NASA gets us one step closer to answering the big question of whether life ever existed on the Red Planet.

Charles Cooper Former Executive Editor / News
Charles Cooper was an executive editor at CNET News. He has covered technology and business for more than 25 years, working at CBSNews.com, the Associated Press, Computer & Software News, Computer Shopper, PC Week, and ZDNet.
Charles Cooper
2 min read
Rocks seen by NASA's Opportunity rover and Curiosity rover on two different parts of Mars. NASA/JPL-Caltech/Cornell/MSSS
NASA is reporting that an analysis of a rock powder sample collected by the Curiosity rover suggests that ancient Mars could have supported living microbes.

The sample contained traces of sulfur, nitrogen, hydrogen, oxygen, phosphorus, and carbon -- key chemical ingredients for life.
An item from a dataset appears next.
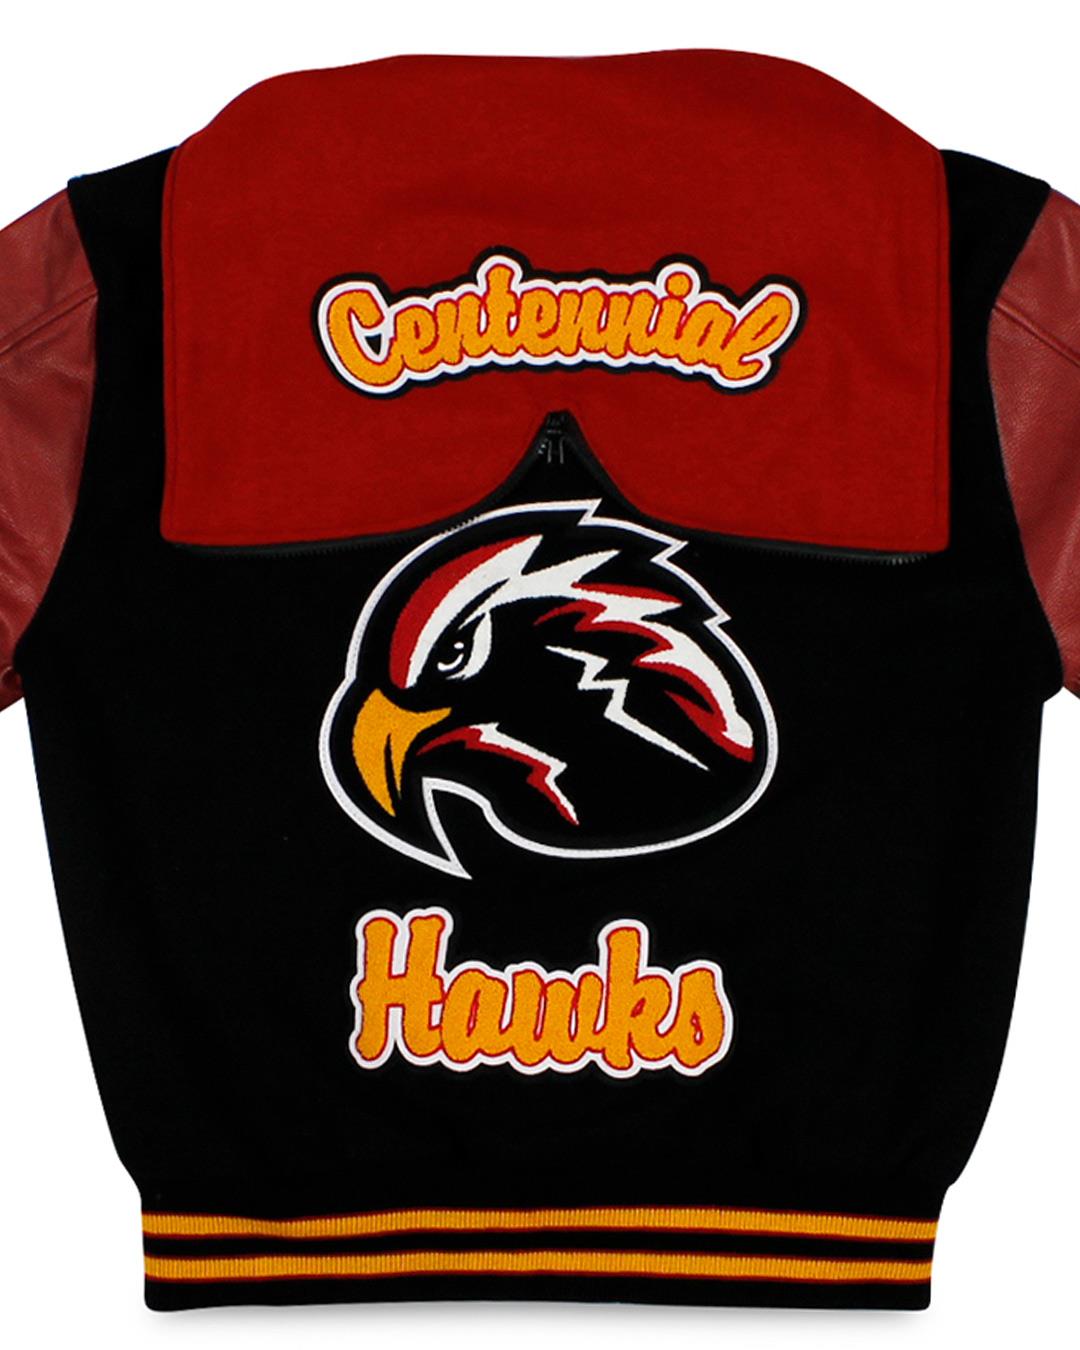 Centennial High School Letterman Jacket, Las Cruces NM - Back

For astronomers, the news constitutes the latest clue in their pursuit of a scientific holy grail: Answering the big question about whether life ever existed on the Red Planet. Their challenge until now has been to confirm whether the Martian atmosphere could have supported a habitable environment. The preliminary evidence now suggests the answer is yes, with the rock samples pointing to evidence that conditions on Mars were once favorable for life. A couple of particularly intriguing clues: The presence of clay as well as the absence of "abundant salt" point to the likely existence of an ancient environment where there was fresh water, according to NASA.

Curiosity collects first samples ever from the interior of another planet (pictures)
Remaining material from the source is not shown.